Hello, I am having trouble with solving the problem below

The problem

Find all primitive functions to $f(x) = \frac{1}{\sqrt{a+x^2}}$.
(Translated to English)

The attempt
I am starting with substituting $t= \sqrt{a+x^2} \Rightarrow x = \sqrt{t^2 - a}$ in $$\int \frac{1}{\sqrt{a+x^2}} \ dx \rightarrow \int \frac{1}{t} \ dx$$
$\frac{dx}{dt} = D \left( \sqrt{t^2 - a} \right) = \frac{1}{2 \sqrt{t^2 - a}} \cdot 2t = \frac{t}{\sqrt{t^2 - a}}$
.
$dx = \frac{t}{\sqrt{t^2 - a}} \cdot dt$

Together we get:
$$\int \frac{1}{t} \frac{t}{\sqrt{t^2 - a}} \cdot dt = \int \frac{1}{\sqrt{t^2 - a}} \cdot dt$$

This is where I get stuck since this integral is not much easier to solve that the original.

2. Dec 21, 2016

### PeroK

With these sorts of integrals, you should be thinking about a trig substitution.

3. Dec 21, 2016

### Rectifier

But the answer to this problem is $\ln|x + \sqrt{x^2+a}| + C$ and not a trig function.

4. Dec 21, 2016

### PeroK

Ha! You might be better off in this case not knowing the answer. That is actually a trig function in disguise!

5. Dec 21, 2016

### Rectifier

Unfortunately, that does not make my life easier :,(

6. Dec 21, 2016

### PeroK

Let's assume $a$ is positive. And, let $x = \sqrt{a} f(u)$, where $f$ is some unknown trig function, then we need to look at:

$x^2 + a = a(f^2(u) + 1)$ and $dx = \sqrt{a} f'(u)du$

You're looking for a trig function where $f^2(u) + 1$ is an identity. The obvious one is $f(u) = \tan(u)$. You can try that and you should (eventually) get the answer. But, perhaps there's a better one to try?

7. Dec 21, 2016

### ehild

Think of the hyperbolic functions, and the most basic relationship between cosh and sinh.

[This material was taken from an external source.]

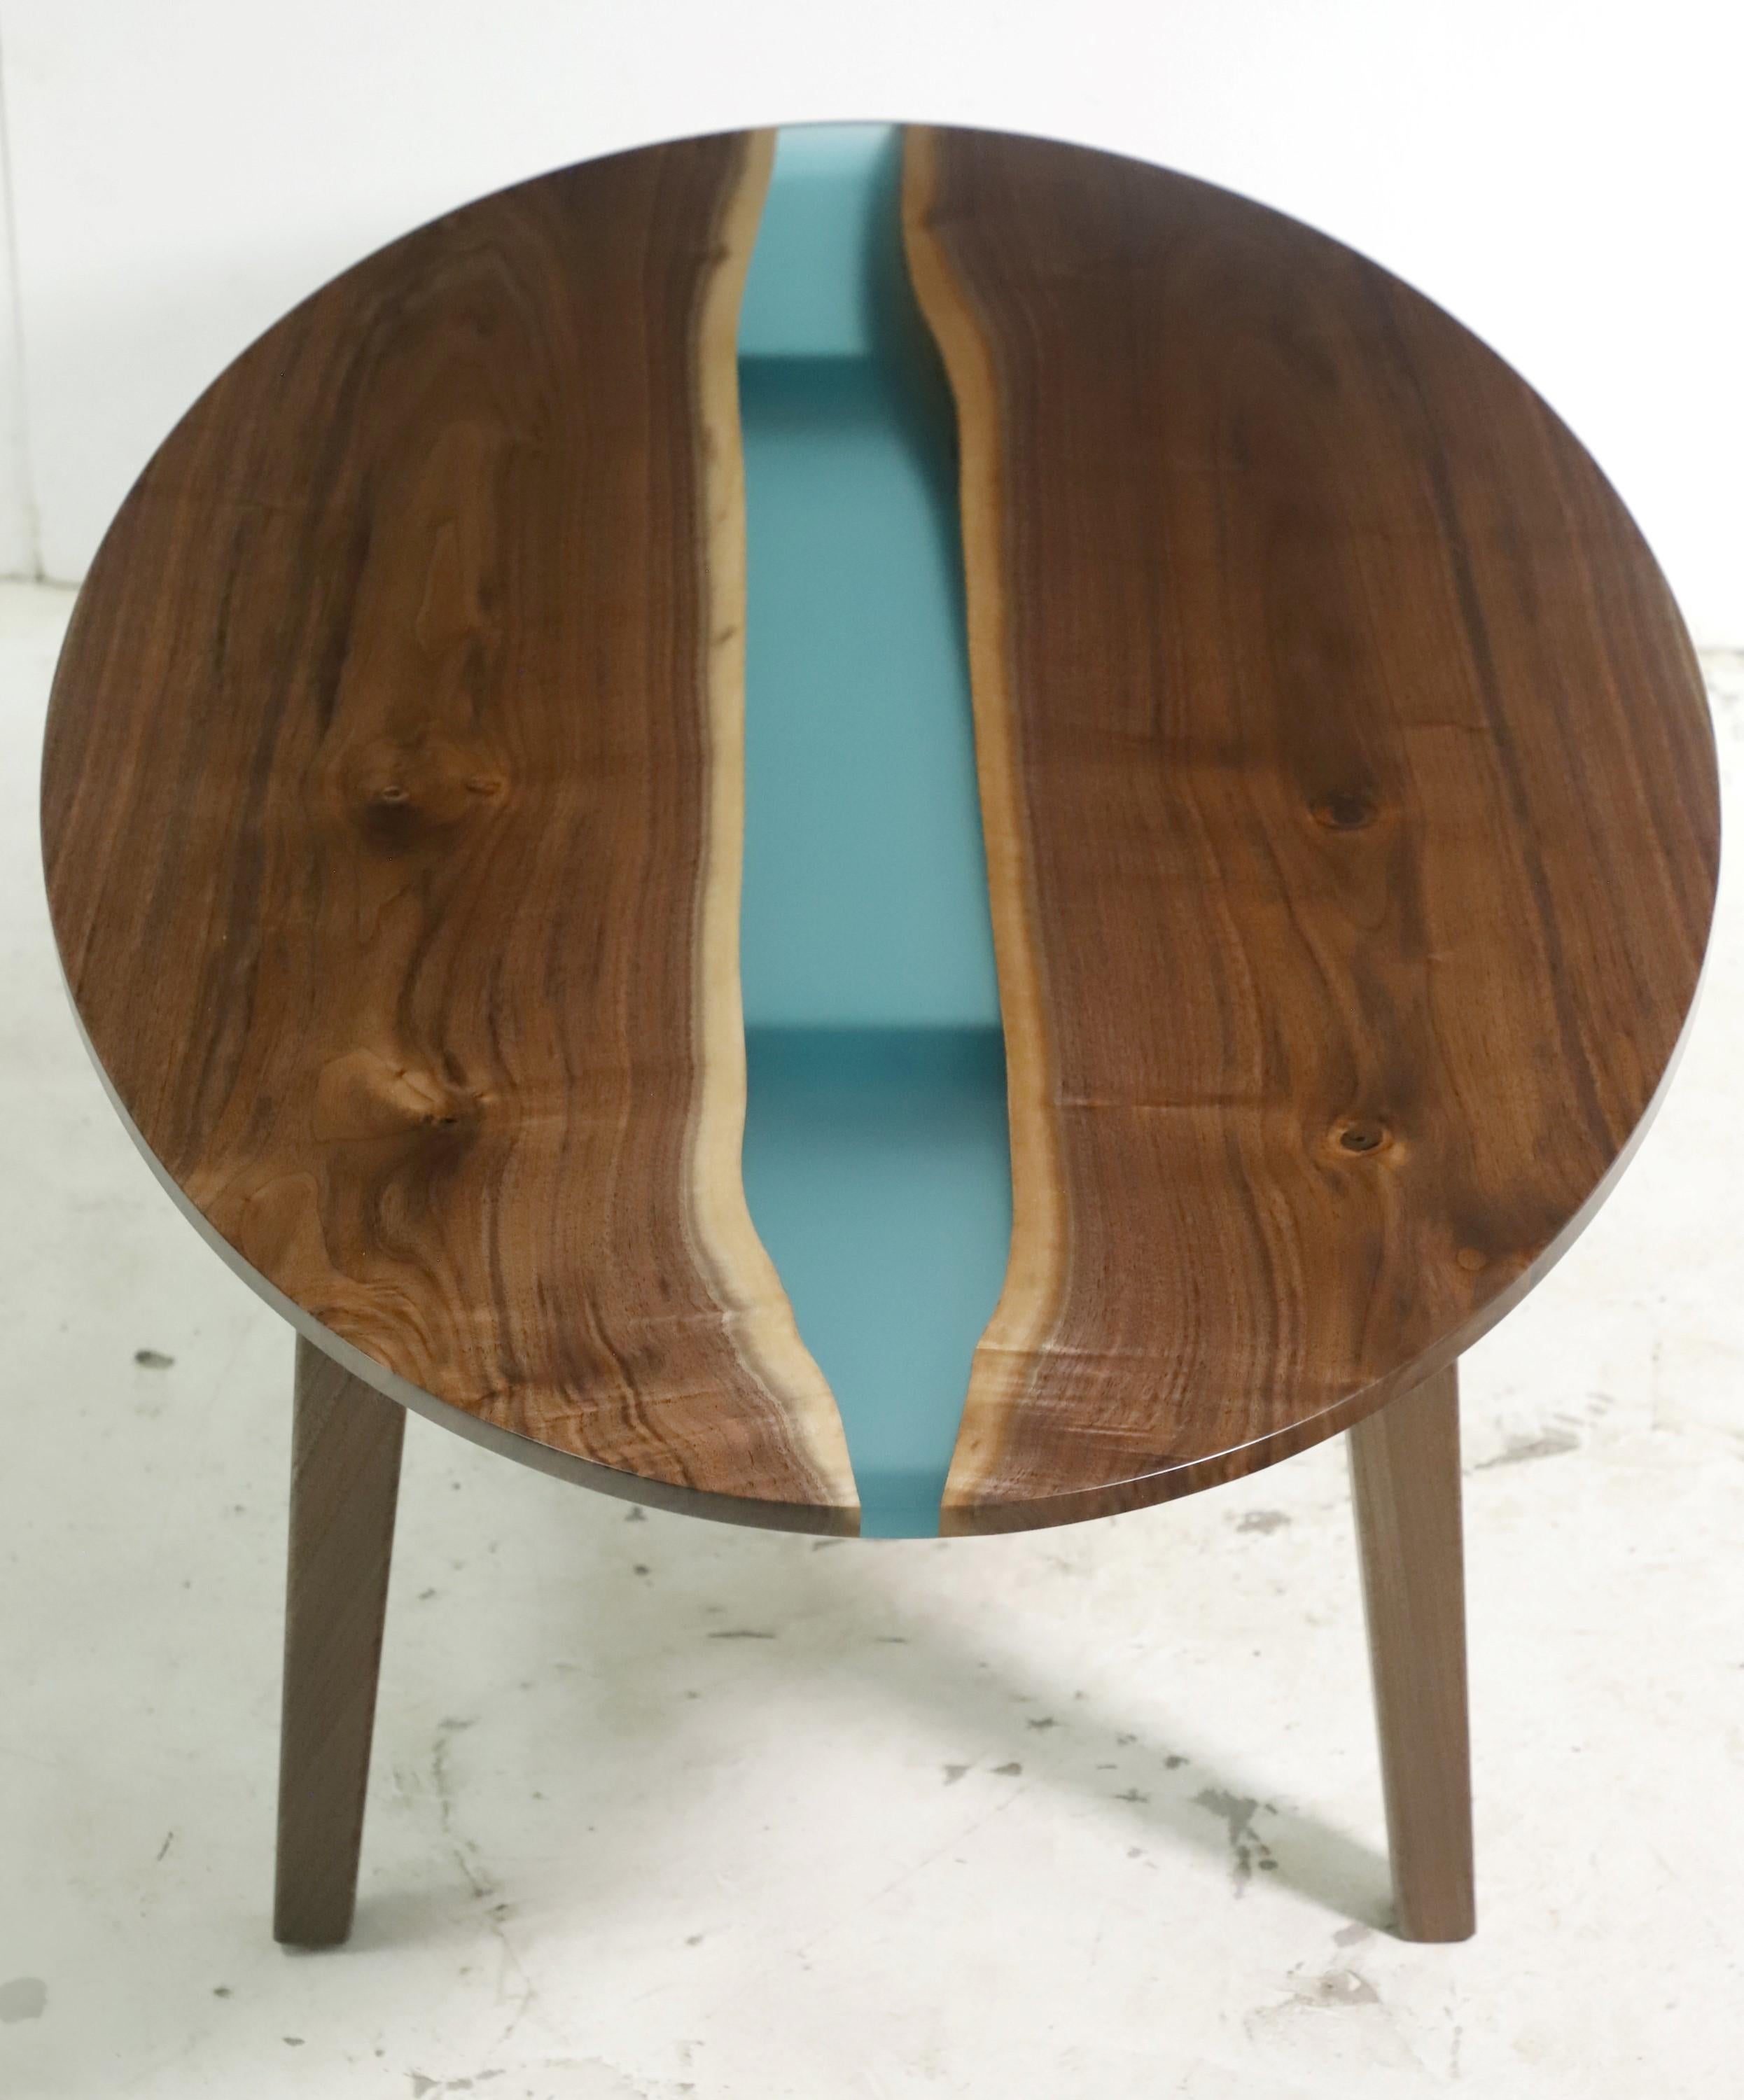 This table features a two slab solid walnut top with a blue green center resin detail pour paired with tapered legs. This table is ready to ship. Please note, this item is located in our Scranton, PA location.

Use the substitution √a sinh(u)=x

Last edited: Dec 21, 2016
8. Dec 21, 2016

### Ray Vickson

If $a > 0$ you can write the integrand as $1/\sqrt{x^2+b^2}$. Now the identity $b^2 \cosh^2(t) = b^2 \sinh^2(t) + b^2$ comes to mind. If $a < 0$ you can write the integrand as $1/\sqrt{x^2 - b^2}$, and the identity $b^2 \sinh^2(t) = b^2 \cosh^2(t) - b^2$ cones to mind.